Fatal Flaw — Under-designed Systems

For those on the renewable energy path, one fatal flaw is under-designed systems. This was amply illustrated by the case of Greenpeace’s Dharnai village microgrid in Bihar, India. It focused on providing lighting, and implemented it successfully. But, instead of being grateful the villagers complained that it did not give them all the services of the regular grid. As it relates to electricity access, something is not always better than nothing. Rather, all villagers wanted a fully functional system that can handle refrigeration and fans, TVs and air-conditioners, over time, and at their pace. After all, that is the benchmark set by the regular grid. Or nothing; the status quo. Solar power was perceived as an inferior solution, foisted on the villagers, who thought they were treated as second-class citizens.

From this perspective, the Dharnai grid failed. The lessons are momentous. The design of next generation electricity systems should be: support more and more applications over time, that is, intensive use; and also extensive use, that is, all electricity services to more and more people. An important point to note regarding Electricity 2.0: Not all services need be from the same provider, as is the case with today’s grid.

My hypothesis is that such full solutions are feasible with today’s renewable technologies. When we add up the monthly or usage fees an operator can charge for these services, the overall system is likely to be economical, not only for the rural un-electrified households of today, but even in urban areas, such as multi-apartment residential housing societies of the kind I grew up in. The doctors called electricity services providers should treat all illnesses.

Open issues remain but are not insurmountable. For instance, should the electricity system be a part of a village microgrid? Should the panels be installed on individual homes, or in a central location? Are people likely to use cookstoves at about the same time, and therefore, create demand peaks and shortages? Can usage be scheduled at staggered intervals to avoid that? Would time-of-use based pricing help demand management? Can we over-design the systems, using batteries and some gas-based generators, so that shortages are manageable?

Village Microgrids for Rural Clean Cooking

Having experienced the miracle induction cookstoves represent, in an article on February 27, I argued for microgrids for powering them. I assumed solar power would be converted to AC at 110 V or 220 V using inverters, and thus rendered suitable for induction cooking.

After writing that article, on March 3, I witnessed the use of solar generated DC power fed into a (slightly modified) classic resistance coil cookstove. The water boiled in fifteen minutes at the home of Dr. Barry Butler, in Solana Beach, Calif. This was my first experience of direct solar-powered DC for cooking. Walmart sells a resistive hotplate for $10 compared to induction versions for $65. These could herald the age of solar-powered microgrids for cooking.

Clean Cooking for Urban High Rises

Consider the housing society where I grew up — two buildings facing each other with 16 apartments each, four to each floor. There is no space for regular solar panels large enough for anything beyond minimal use, for instance, lighting. But on the terrace on top of each building, there is sufficient space for CPV — Concentrated Photovoltaics — installations. Can CPV-based solar electricity be used for urban cooking, and at a price point lower than the cost of LPG, and traditional grid electricity-based cooking? I think so, but no one has yet done the modeling to prove it.
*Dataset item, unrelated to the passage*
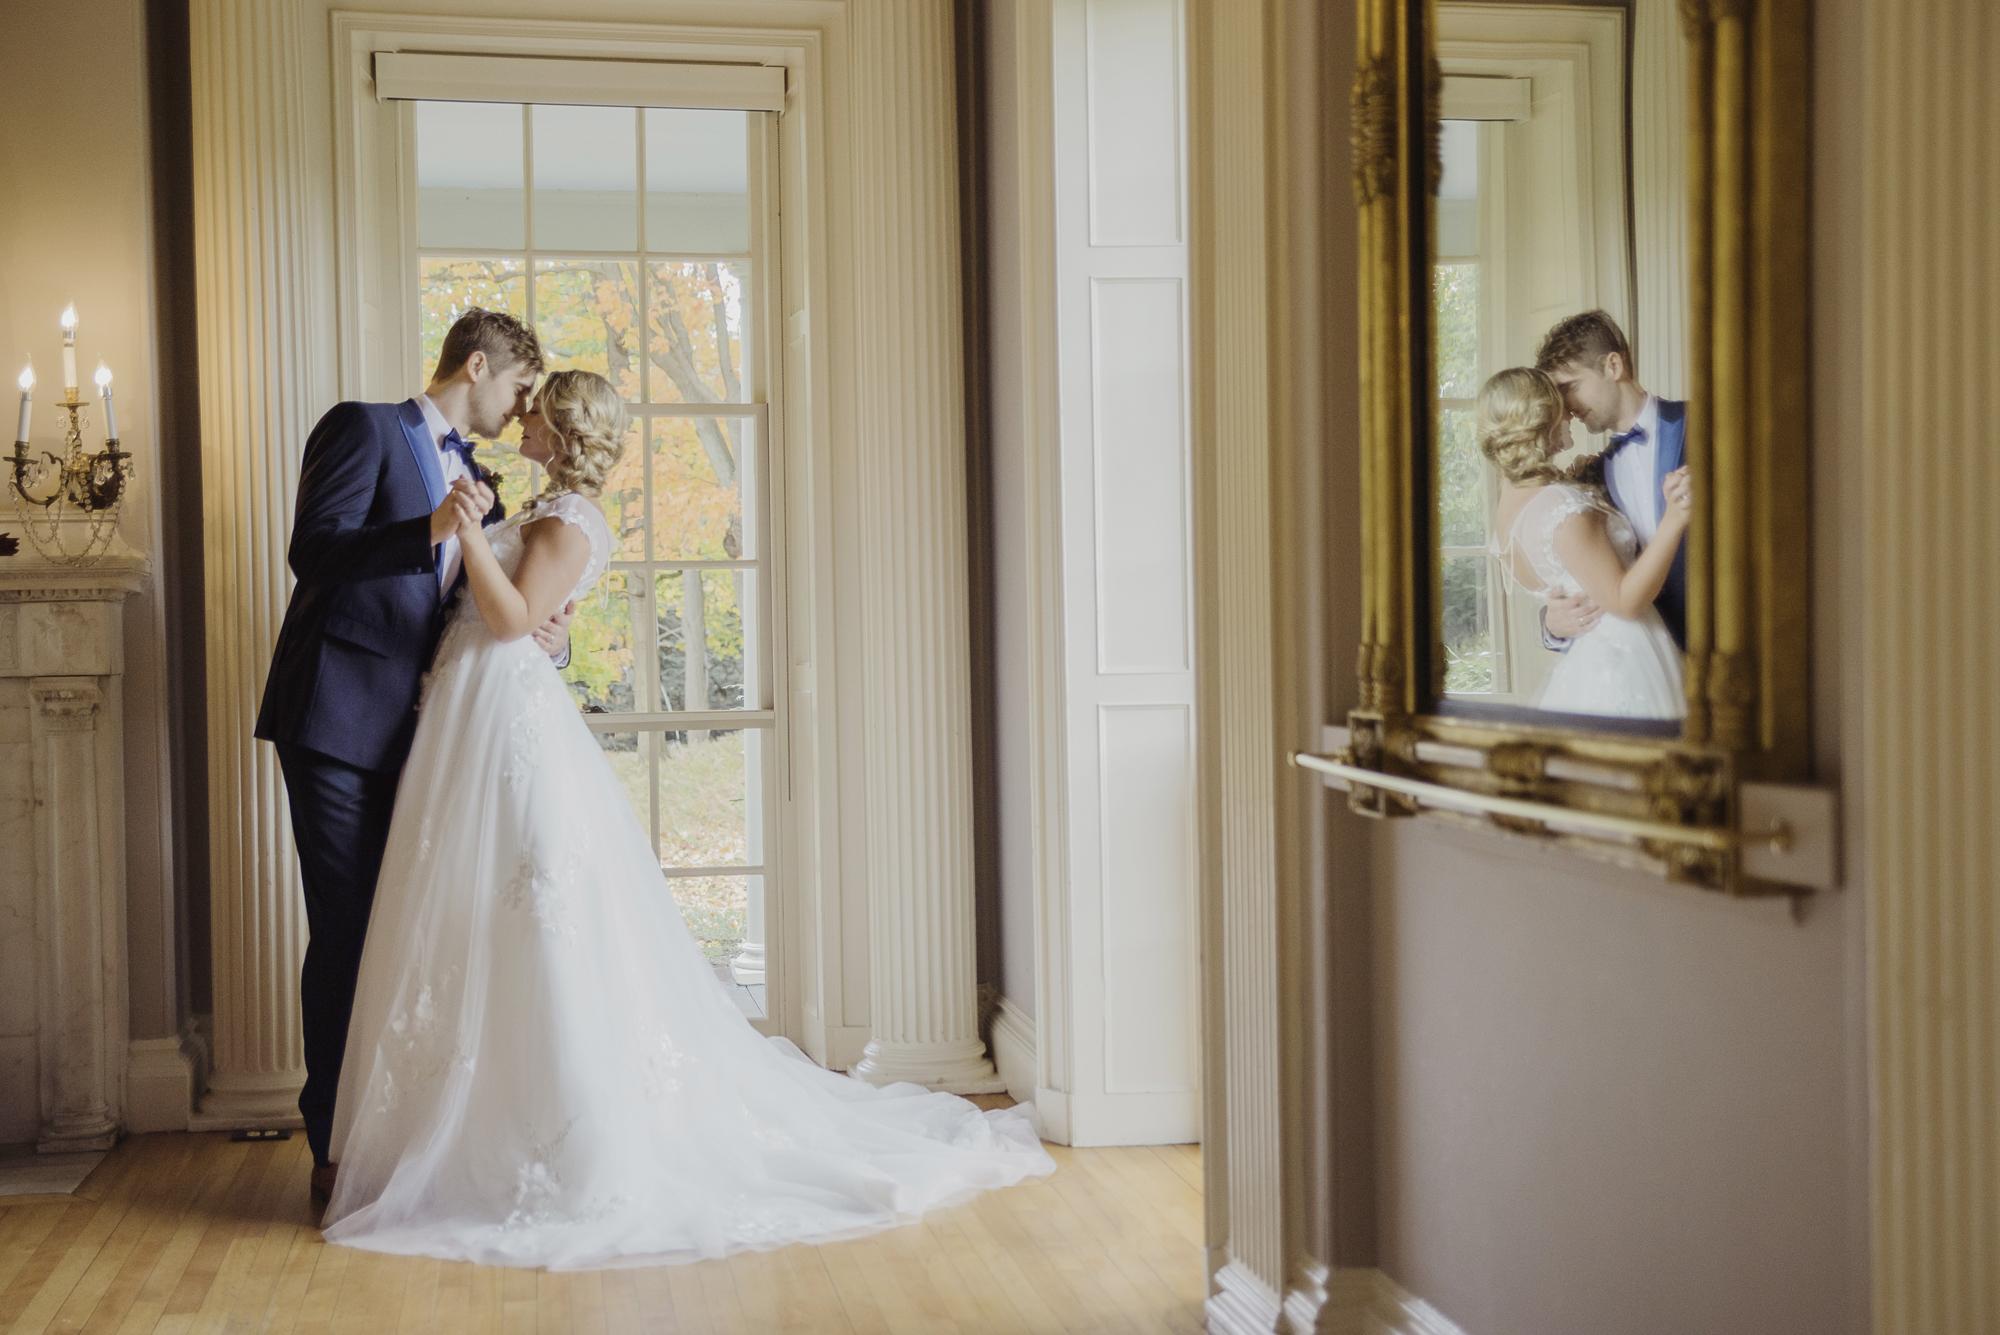 beautiful wedding photo inspiration mirror image and elegant wedding dress under $1000

CPV has practically died as a technology and a product. I have misgivings about it. My disquiet stems from the sense that this should not be. The core idea of concentrating solar power to reduce land use and for more efficient sunlight to power conversion makes sense. But crystalline PV has won the solar deployment battle, mainly because the Chinese manufactured it to such a scale that prices dropped dramatically. Moreover, governments, including India, have political reasons to brag about “GW of solar” deployed. Unfortunately, acres and acres of PV deployment for grid-tied power have crowded out CPV for urban use.

With CPV, there are still close-tolerance moving parts; the technology is not mature and standardized yet. Nevertheless, just as China did with PV, China or someone else could manufacture CPV at scale, reduce costs, and deploy massively. CPV and urban use are perfect complements, and urban cooking, and eventually e-bike or EV charging, can be the “killer” apps. My conclusion: clean cooking, urban and rural, is the next frontier for renewable energy systems.  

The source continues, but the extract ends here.